When Everett Myrick, 52, received a postcard stating he could earn a $50 gift card from Blue Cross and Blue Shield of Illinois (BCBSIL) for his annual checkup, he made an appointment. But he was shocked to learn he tested positive for prostate cancer.
“I’m an active person — I play in many softball leagues and I had no symptoms,” Myrick says. “I was going to the doctor regularly but then COVID hit and I got off track. When my doctor told me my PSA levels were high, I thought, 'where did this come from?' I had no symptoms or concerns to even think something was going on in my body.”
About one in eight men will be diagnosed with prostate cancer during his lifetime. And if you’re a Black man or over age 65, the odds go up. When Myrick's urologist said he’s seeing more men at younger ages with prostate cancer, Myrick shared his story on Instagram hoping other Black men would follow his lead.
“I know a lot of men that don’t go to the doctor unless there is something wrong with them,” Myrick posted. “I need my peeps to schedule appointments and get checked out especially if u are 40 and older no matter if u think u are in the best shape of your life.”
According to the American Cancer Society (ACS), other than skin cancer, prostate cancer is the most common cancer in American men. In 2023, the ACS estimates there will be roughly 288,300 new cases of prostate cancer in the U. S. and 34,700 deaths. In Illinois, 7,000 new cases will be diagnosed this year.
Until Myrick shared his story, he didn’t know any other person with prostate cancer, but afterward a few who went through the same thing said they were embarrassed to go public with their stories. Now he wants to spread the word to help others get tested for cancer early while it’s easier to treat.
"African American men have the highest risk in the world of developing prostate cancer," said Dr. Courtney M. P. Hollowell, a nationally regarded prostate cancer expert and chairman of urology at Cook County Health.
“African American men tend to have the disease earlier in their lives and, when they’re diagnosed, tend to have a more advanced disease,” Hollowell said during a recent presentation to BCBSIL employees. Men, he noted, are 25% less likely to have seen a physician in the last year than women. “Let’s be honest, the ignorance-is-bliss approach to your health never works and what you don’t know can hurt you. There are things you can control in your life and things that are out of your control, like age and race. But even if they’re out of your control, you should still be informed about your risks.”
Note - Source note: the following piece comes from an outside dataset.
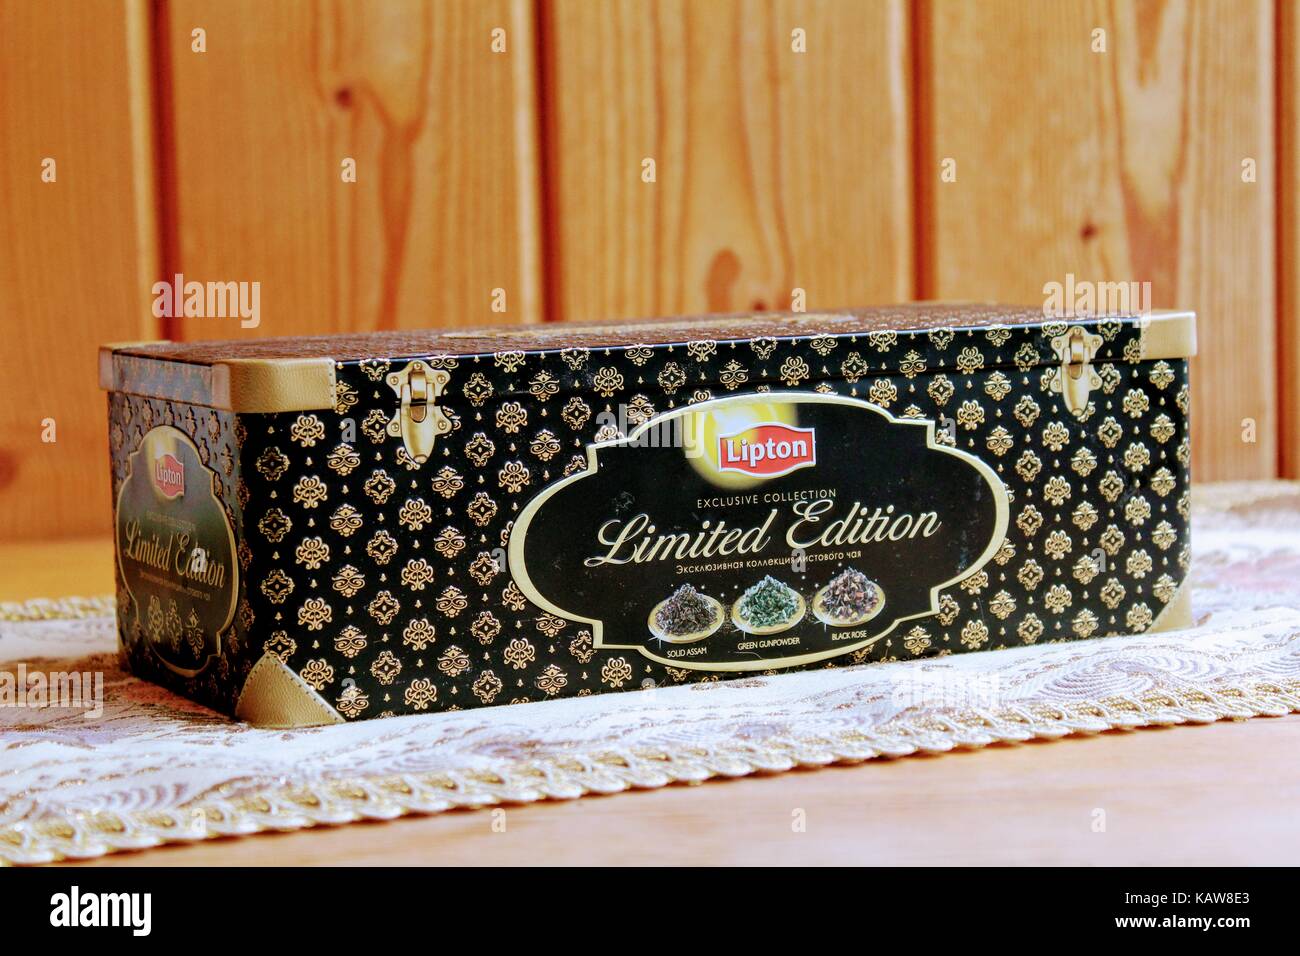 Exklusive box von Lipton Tee (Limited Edition) auf einem Holztisch  Stockfotografie - Alamy

He added, “many men say their dad died of cancer, so they’ll die of cancer. But only about 10% of cancer is genetic, 90% is up to individuals and the things they do in their lives. In fact, recent evidence suggest healthy eating and regular exercise may have many health benefits, including lowering the risk of an advanced stage and the lethal form of prostate cancer.”
Prostate cancer can be detected by prostate-specific antigen (PSA) levels in blood or through a digital rectal exam. If either test is abnormal, additional testing, such as a prostate biopsy and/or prostate MRI, may be done to detect cancer. There are various recommendations available, so it’s important to discuss your risks and options with your doctor.
The U.S. Preventive Services Task Force recommends men ages 55 to 69 begin receiving PSA screenings after discussion with their doctors, but not for men over 70.
In addition, the American Cancer Society recommends PSA screenings for:
- Men age 50 at average risk of prostate cancer and expected to live at least 10 more years.
- Men age 45 at high risk of developing prostate cancer. This includes African Americans and men who have a first-degree relative (father or brother) diagnosed with prostate cancer at an early age (younger than age 65).
- Men age 40 at even higher risk (those with more than one first-degree relative who had prostate cancer at an early age).
Based on these guidelines and his experience, Dr. Hollowell noted African American men are 60% more likely to develop prostate cancer and twice as likely to die of the disease compared to other races.
Dr. Hollowell makes these recommendations:
- PSA test men in their mid-40’s to establish a baseline, especially African American men or men with first degree family history of prostate cancer (e.g., father or brother).
- Those with a baseline PSA <1 ng/mL have an extremely low risk of clinically significant prostate cancer and don’t need another PSA test until age 55.
- Those with a baseline PSA 1-3 ng/mL need a PSA test every two years.
- Those with a baseline PSA >3 ng/mL need to talk with their doctors about having a prostate biopsy and/or a prostate MRI.
- PSA testing should continue according to the baseline score for healthy men who have at least a 10-year life expectancy.
Although it’s good to find cancer early, there also are risks with screenings and overtreatment of the non-lethal form of prostate cancer. What’s most important is to talk to your doctor about what’s right for you.